- Presented on: 31 March 2022
- Site: St. Andrews, Mumbai
- Hosted by: Siddhartha Jadhav, Amey Wagh
- Organized by: Planet Marathi

Highlights
- Best Film: Jhimma, Karkhanisanchi Waari
- Best Critic: The Disciple Bhonga
- Most awards: Dhurala (7)
- Most nominations: Dhurala (16)

Television coverage
- Network: Zee Marathi

= 6th Filmfare Awards Marathi =

Indian film awards

The 6th Filmfare Marathi Awards is a ceremony presented by Planet Marathi that honored the best Indian Marathi-language films of 2021.

Dhurala led the ceremony with 16 nominations, followed by Jhimma with 11 nominations, Mhorkya with 10 nominations each.

Dhurala earned 7 awards, including Best Actor, Best Actress, Best Supporting Actor and Best Supporting Actress, thus becoming the most-awarded film at the ceremony.

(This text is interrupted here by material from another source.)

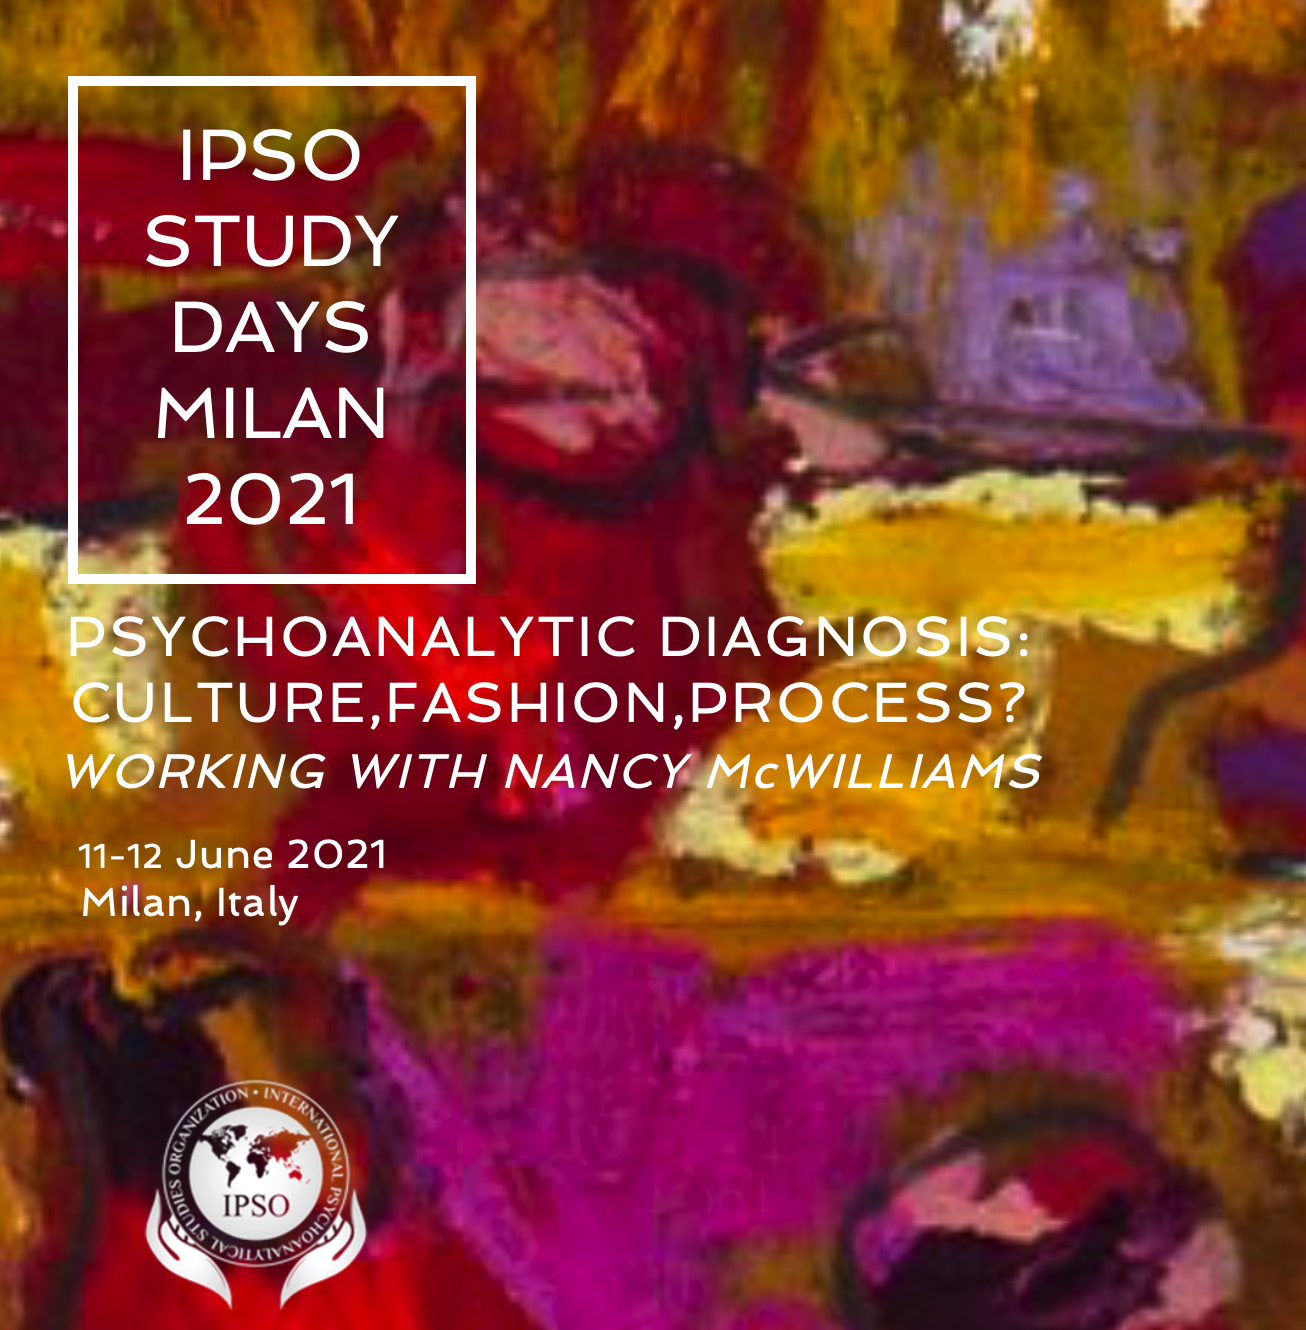 IPSO Study Days Milan 2021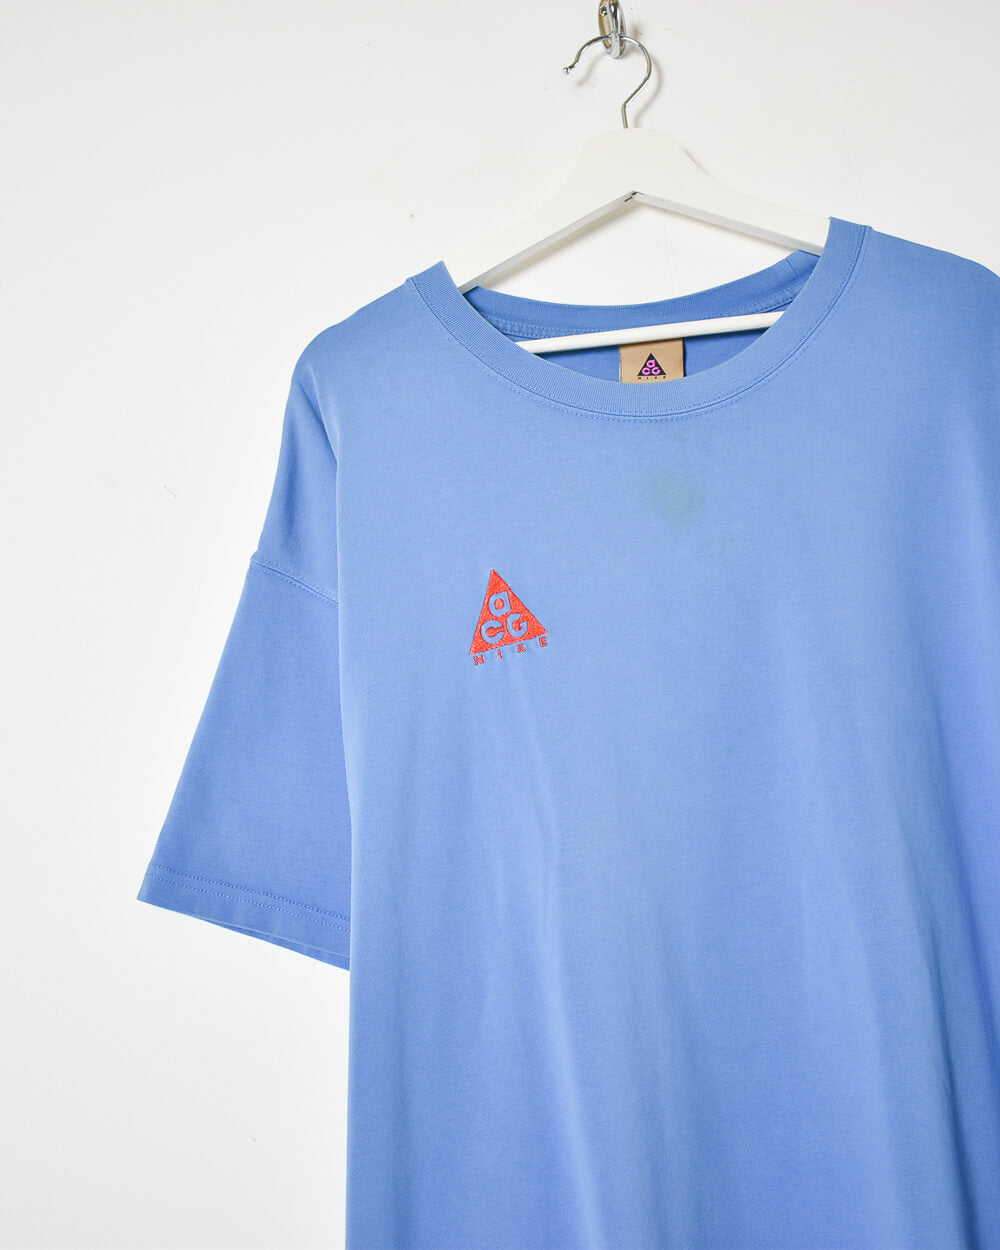 Blue Nike ACG T-Shirt - XX-Large

Sonali Kulkarni received dual nominations for Best Actress and Best Actress (Critics) for a single film Pension, winning for Critics choice. Sonalee Kulkarni received dual nominations for Best Actress and Best Supporting Actress for her performances in Pandu and Dhurala respectively, winning for Dhurala.

== Ceremony ==
Held at St. Andrews Auditorium, Bandra, on 31 March 2022, the 6th Filmfare Marathi Awards honored the films released in 2021. A press conference helmed by editor of Filmfare magazine revealed Planet Marathi as the title sponsor. Actors Amey Wagh and Siddhartha Jadhav were announced as the co-hosts, while actors Vaibhav Tatwawadi, Pushkar Jog, Sonalee Kulkarni, Pooja Sawant, Manasi Naik and Mrunmayee Deshpande performed during the event.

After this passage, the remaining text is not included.